I came up with something I think is at lease better than just hoping env.d.ts and dotenv are matching reality:

// all possible values are defined in advance and
// can be found at one place
export const getEnv = createEnv({
  PORT: {
    fallback: "3000",
    convert: "number",
  },
  PUBLIC_URL: {
    fallback: "http://localhost:3000",
  },
  JWT_SECRET: {},
  JWT_EXPIRATION: {
    fallback: "30d",
  },
  SMTP_HOST: {},
  SMTP_PORT: {
    fallback: "587",
    convert: "number",
  },
  SMTP_USER: {},
  SMTP_PASSWORD: {},
  SMTP_SECURE: {
    fallback: "false",
    convert: "boolean",
  },
  ALLOWED_DOMAINS: {
    fallback: "rinaldoni.net,rinaldoni.xyz",
    convert: "string-array",
  },
} as const);

// this is how I imagine using a configuration should work
import { getEnv } from "config";

getEnv("JWT_SECRET"); // has a return type of string, throws when not defined in environment
getEnv("PORT"); // has a return type of number, returns 3000 when not defined in environment
getEnv("ALLOWED_DOMAINS"); // has a return type of string[], falls back to ['rinaldoni.net', 'rinaldoni.xyz']
getEnv("NOT_IMPLEMENTED"); // yields a typescript error

I have started using it on a smaller project of mine and I am very happy with it. It does seem to bring at least some clear-sightedness into the mess.
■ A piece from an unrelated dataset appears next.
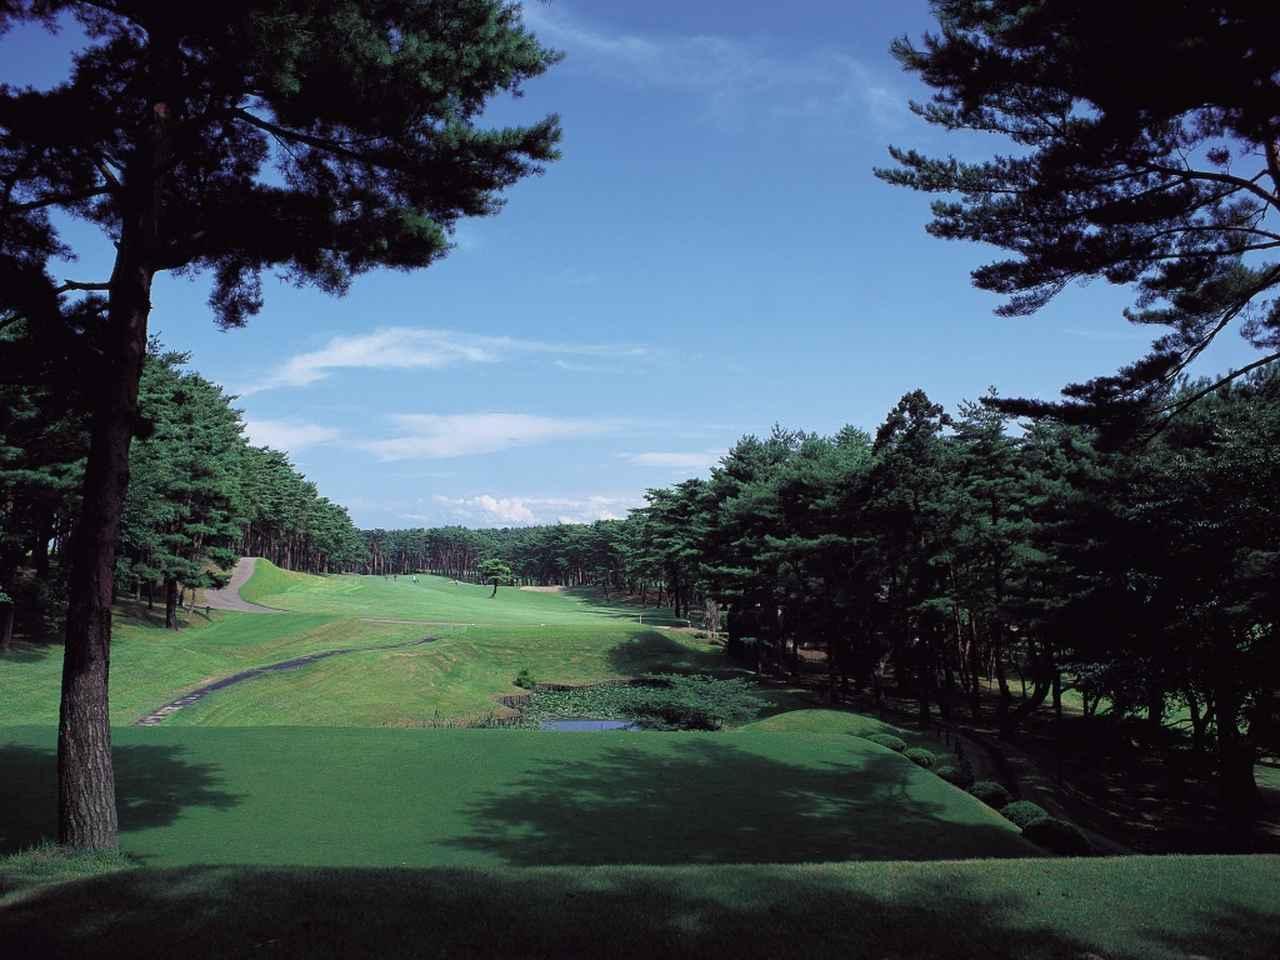 画像: 2番/415ヤード/パー4 弥彦山を望む建設地は、かつて長岡藩の支藩・三根山藩の調練場で、ほぼ平地に近い丘陵地。33年10月に6ホールで仮オープン、9ホールの完成は翌春だった

It throws early, even more when you hoist the call at the beginning of your files in the module scope:

import { createServer } from "node:http";
import { getEnv } from "config";
import { createApp } from "./expressApp";

// this will probably throw on app start if it is not set
const PORT = getEnv("PORT");

export const startServer = () => {
  http.listen(createApp(), PORT);
};

It is just little more than some lines of typescript:

// define all of your environment here
const defaultEnvironment = {
    PORT: {
        fallback: '3000',
        convert: 'number'
    },
    ...
}
type EnvKey = keyof typeof defaultEnvironment;
type EnvDescriptor<T extends EnvKey> = (typeof defaultEnvironment)[T];
type EnvResult<T extends EnvKey> =
  EnvDescriptor<T> extends { convert: "number" }
    ? number
    : EnvDescriptor<T> extends { convert: "boolean" }
      ? boolean
      : EnvDescriptor<T> extends { convert: "string-array" }
        ? string[]
        : EnvDescriptor<T> extends { fallback: infer F }
          ? F
          : string;

export const getEnv = <T extends EnvKey>(key: T): EnvResult<T> => {
  const descriptor = defaultEnvironment[key];
  const value = process.env[key];
  const fallback = "fallback" in descriptor ? descriptor.fallback : undefined;

  if (value === undefined && fallback === undefined) {
    throw new Error(`Missing environment variable: ${key}`);
  }
  const result = (value !== undefined ? value : fallback) as string;

  if ("convert" in descriptor && descriptor.convert === "number") {
    return parseInt(result) as EnvResult<T>;
  }

  if ("convert" in descriptor && descriptor.convert === "boolean") {
    return ["true", "1"].includes(result.toLowerCase()) as EnvResult<T>;
  }

  if ("convert" in descriptor && descriptor.convert === "string-array") {
    return result
      .split(",")
      .map(s => s.trim())
      .filter(Boolean) as EnvResult<T>;
  }

  return result as EnvResult<T>;
};

I am quite pleased with the result and may even try to make it somewhat more generally usable.